Dans la lecture du mythe, « tout se passe comme si l’image provoquait naturellement le concept, comme si le signifiant fondait le signifié […] le mythe est une parole excessivement justifiée. »41. Nous

comprenons ici que le mythe a ceci de particulier, et c’est pourquoi il est très puissant, c’est qu’il se fait comprendre naturellement et ne nous fait pas nous poser de questions. Barthes poursuit plus loin en déclarant que « ce qui permet au lecteur de consommer le mythe innocemment, c’est qu’il ne voit pas en lui un système sémiologique, mais un système inductif : là où il n’y a aucune équivalence, il voit une sorte de procès causal : le signifiant et le signifié ont, à ses yeux, des rapports de nature. […] le consommateur du mythe prend la signification pour un système de faits : le mythe est lu comme un système factuel alors qu’il n’est qu’un système sémiologique. »42. Nous saisissons ici que ce qui fait un mythe

c’est sa manière de brouiller en sur-justifiant ce qu’il montre pour ne pas montrer ce qu’il ne montre pas.

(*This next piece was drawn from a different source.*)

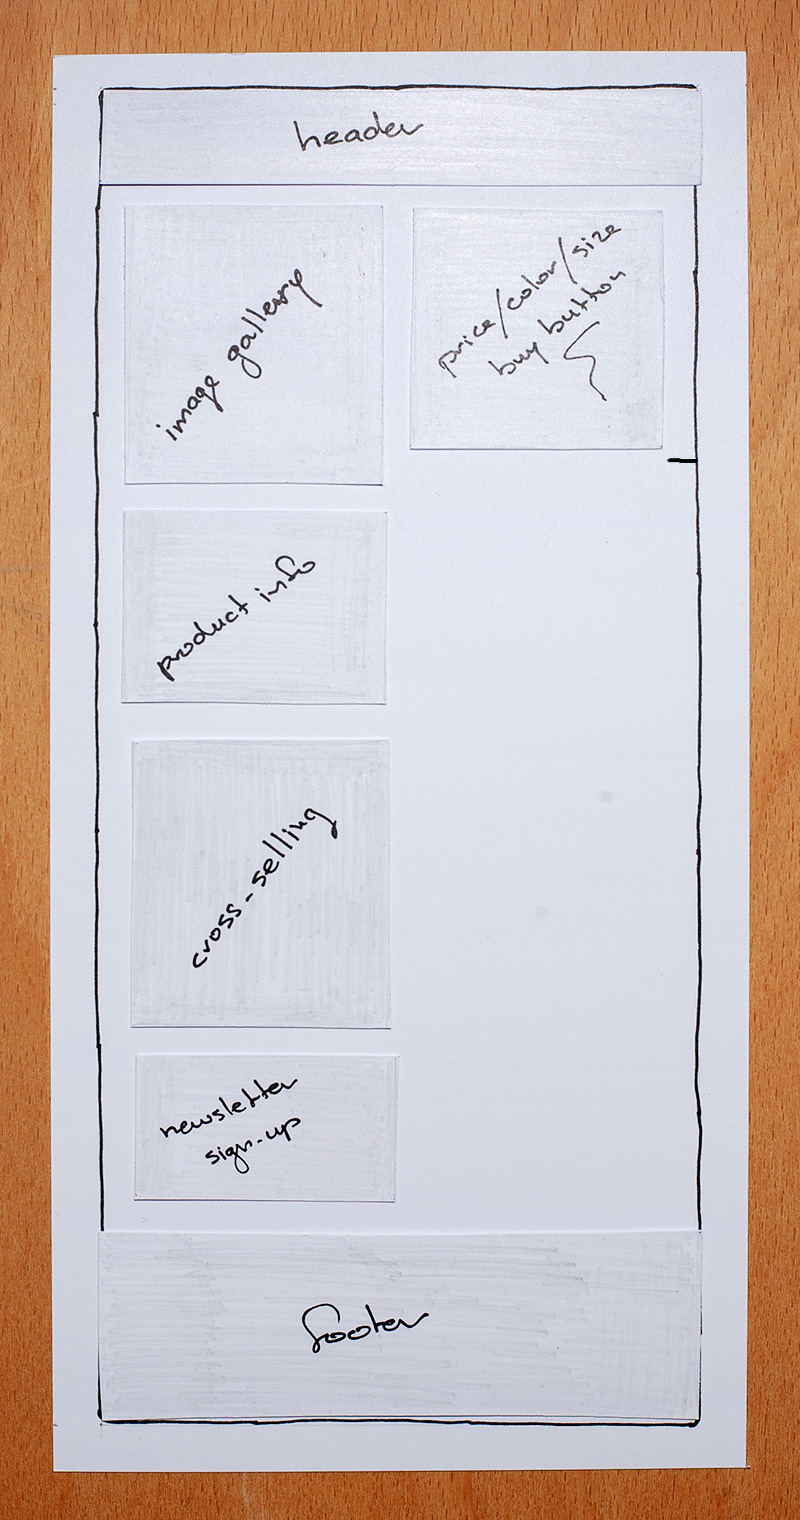 Page wireframe step 1 - Hierarchy

Le mythe repose sur un système de signes, tiré du langage et dont la signification est naturalisée, c’est-à-dire composée avec vraisemblance, si bien d’ailleurs que l’on prend pour vrai ce qui est présent dans le mythe comme un fait scientifique ou historique.

Le mythe au contraire de l’inquiétante-étrangeté est sur- justifié. C’est parce qu’il brouille le signifiant et le signifié dans un excès de justification que la fiction est naturalisée et que nous perdons notre sens critique. Nous ne sommes plus capables d’identifier que l’image que nous regardons sur la Une de tel ou tel journal ,repose en réalité sur un système sémiologique et prenons pour vrai ce qui nous est présenté sans pouvoir identifier les différents éléments de l’image et donc du message. Il ne s’agit plus de jouer sur les non-dits, tous les éléments de la composition sont présents, cependant c’est en sur-justifiant que le mythe masque ce qu’il ne veut pas dire et oriente vers le message qu’il veut faire passer.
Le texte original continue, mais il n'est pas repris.